- Born: May 3, 1960 (age 65) Reading, Pennsylvania, U.S.
- Occupation: NCAA referee

= Dee Kantner =

American basketball referee

Dee Kantner (born May 3, 1960) is a women's basketball referee for the National Collegiate Athletic Association since 1984. Kantner started with the Southern Conference before appearing in the Atlantic Coast Conference and Southeastern Conference throughout the 1990s. With the NCAA, Kantner has refereed for various Final Four and championship games since 1992.

Outside of the NCAA, Kantner was one of the first women referees in the National Basketball Association when she started in 1997. She remained with the NBA as a referee until 2002. Kantner has also held the positions of Director of Referee Development and Supervisor of Officials for the Women's National Basketball Association during the 2000s. At individual events, Kantner was a referee at the National Sports Festival in 1991 and the 2000 Summer Olympics. Kantner was inducted into the North Carolina Sports Hall of Fame in 2019.

==Early life and education==
Kantner was born in Reading, Pennsylvania, on May 3, 1960, and had three siblings. Growing up, Kantner's parents had a marital separation. During her childhood, Kantner took up track and field and basketball. For her post-secondary career, Kantner received an athletic scholarship from the University of Pittsburgh and was on multiple sport teams. She graduated with an engineer's degree in 1982.

==Career==
While at the University of Pittsburgh in 1982, Kantner became a referee at basketball games for churches. Following her post-secondary education, Kantner started her engineering career as a pipe stress analysis consultant. She continued her engineering experience in the sales department for Westinghouse Electric Corporation during the early 1980s and worked in Asheville, North Carolina. By the early 1990s, Kantner was working in Charlotte, North Carolina, in her sales position. Kantner ended her engineering tenure in 1997, when she was hired as an NBA official.

For her athletic career, Kantner worked for a fitness center in the early 1980s at Pittsburgh. Before becoming an NCAA Division I referee for the Southern Conference in 1984, Kantner had previously refereed basketball games ranging from elementary school to NCAA Division II. During the late 1980s, she expanded her referee experience to the Atlantic Coast Conference and Southeastern Conference. In 1990, Kantner was a referee at an exhibition game for the LSU Tigers men's basketball team. At the time, she was part of the first-ever "major college men's game" to only have women referees alongside Patty Broderick and June Corteau.
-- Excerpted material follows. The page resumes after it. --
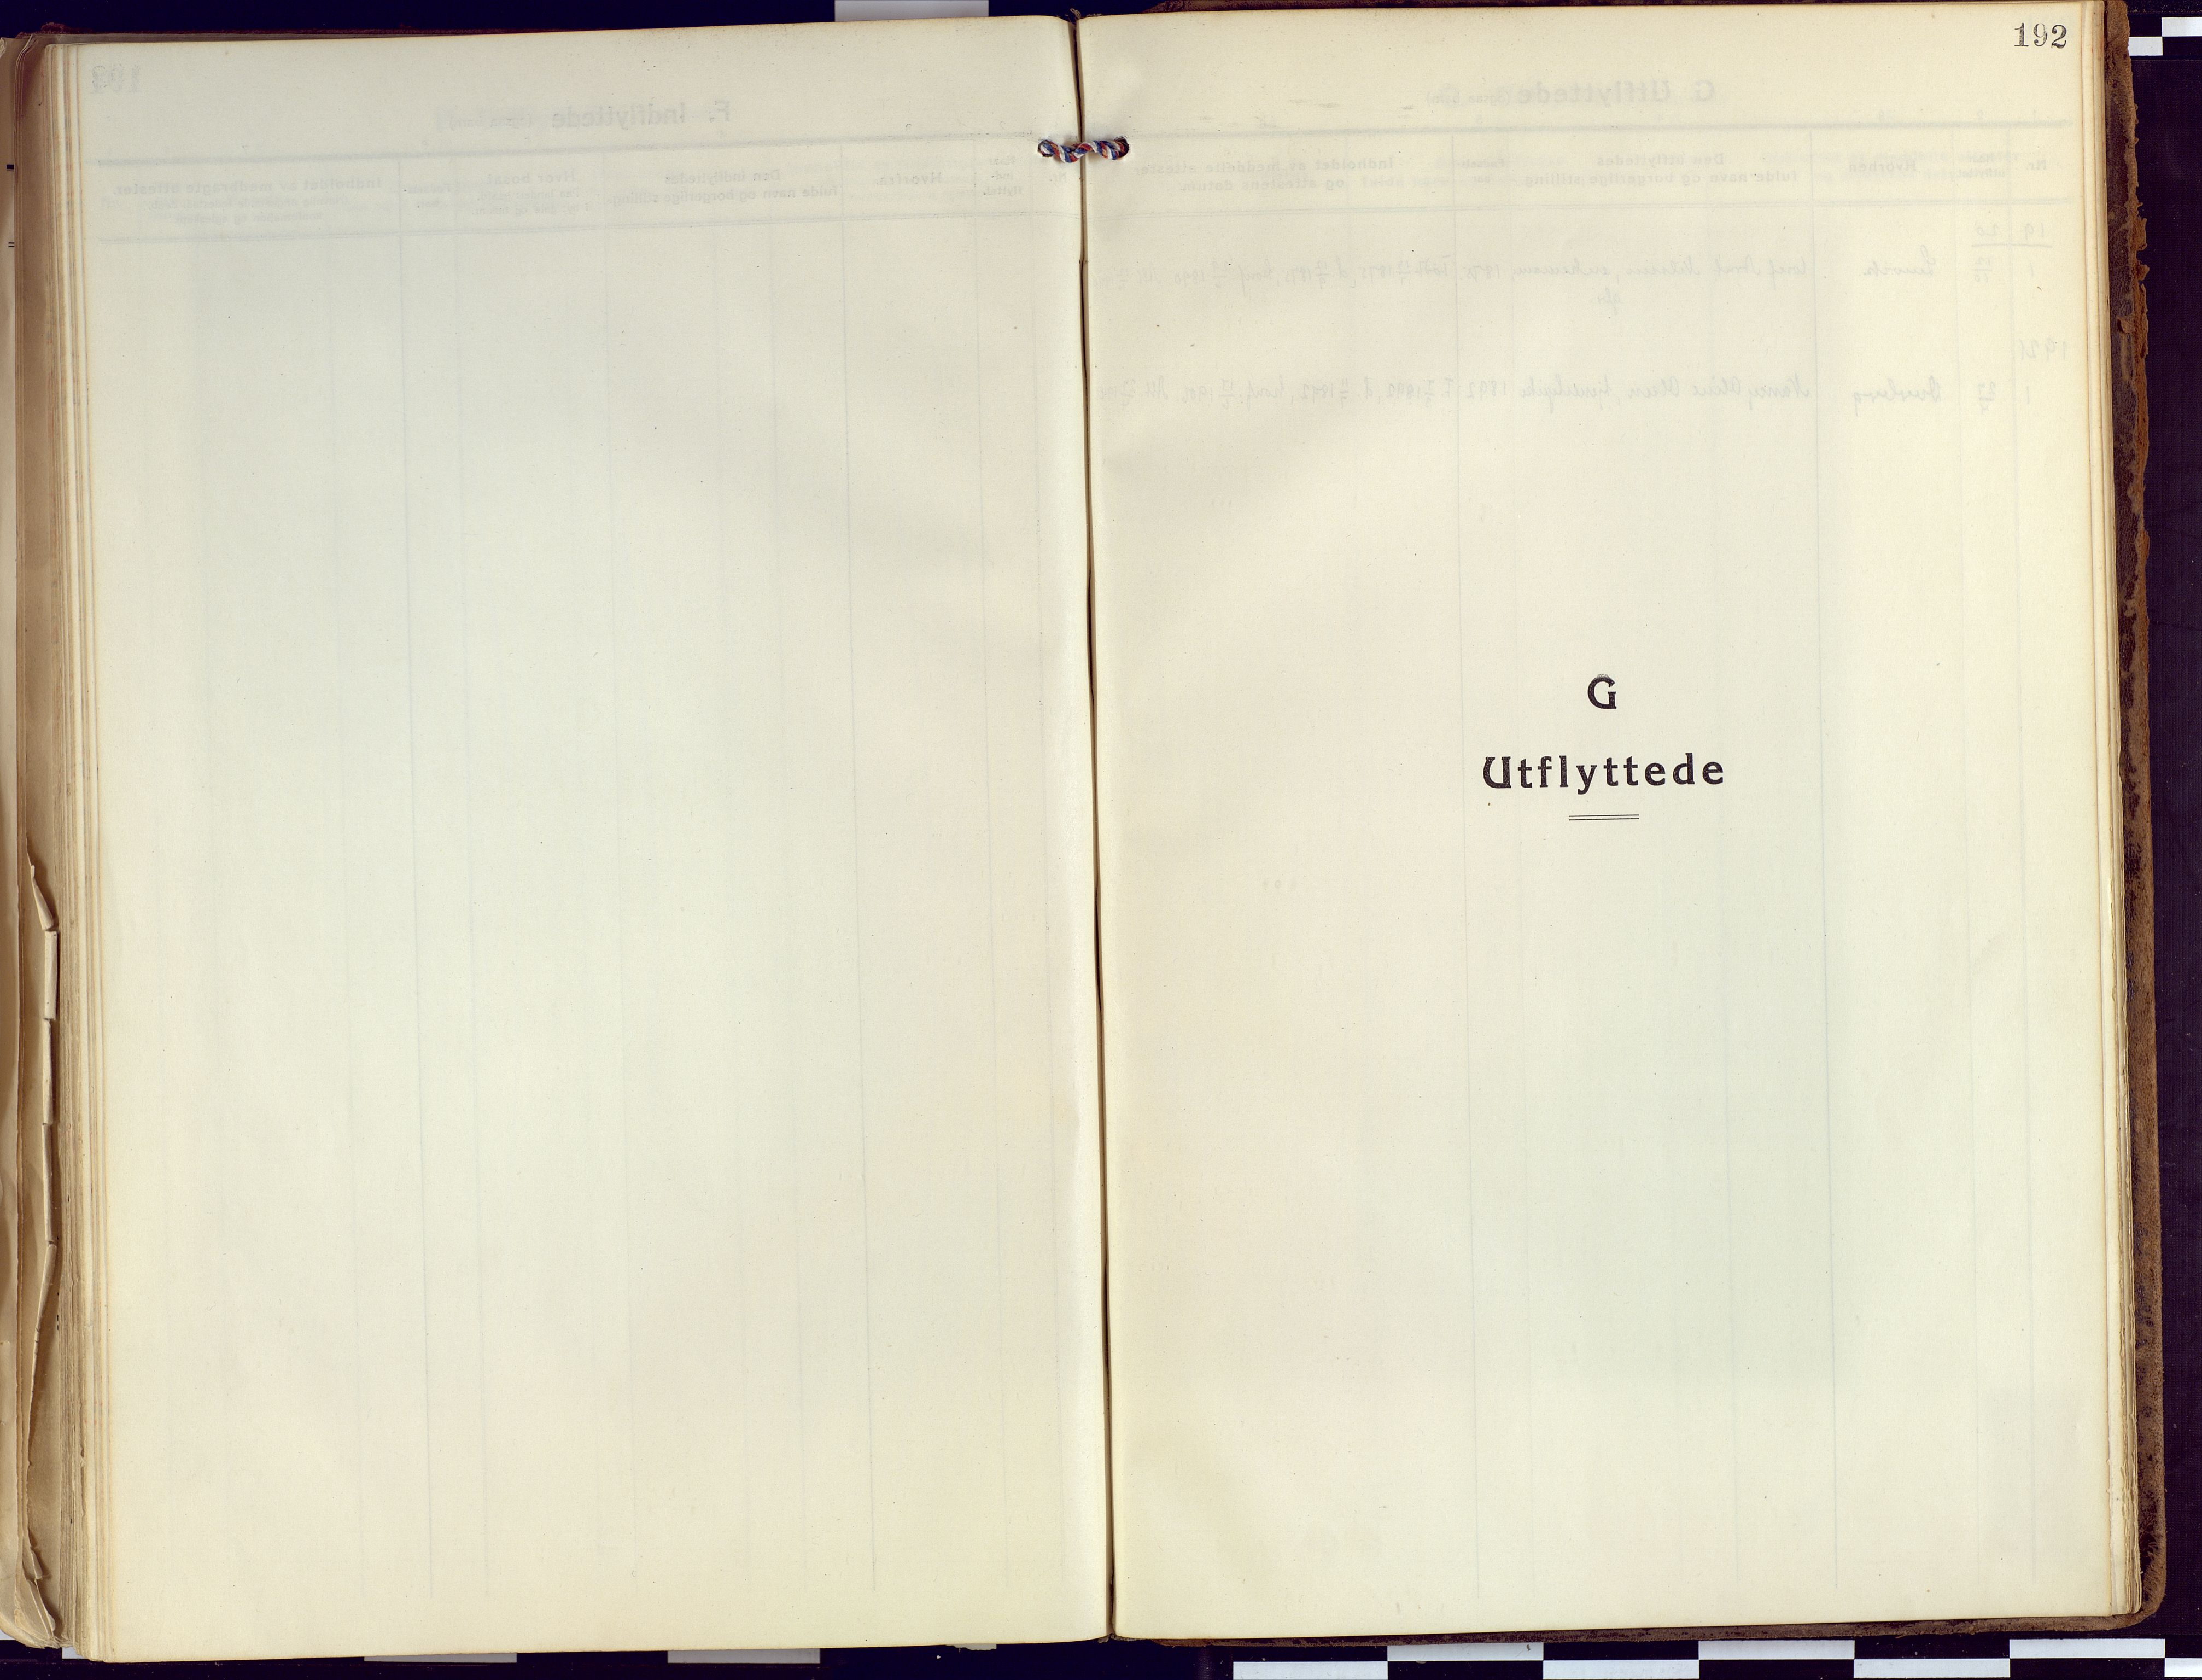 SATØ, Tranøy sokneprestkontor, I/Ia/Iaa/L0015kirke: Ministerialbok nr. 15, 1919-1928, s. 192

During 1992, she worked for the Big Ten Conference and five other conferences simultaneously. In the mid-1990s, Kantner worked as a salesperson for Cutler-Hammer while working as a college basketball referee. By 1997, Kantner was refereeing for eight conferences at the same time. These included the Pac-10 Conference and West Coast Conference. Outside of college basketball, Kantner refereed in 1995 for the Summer Pro League.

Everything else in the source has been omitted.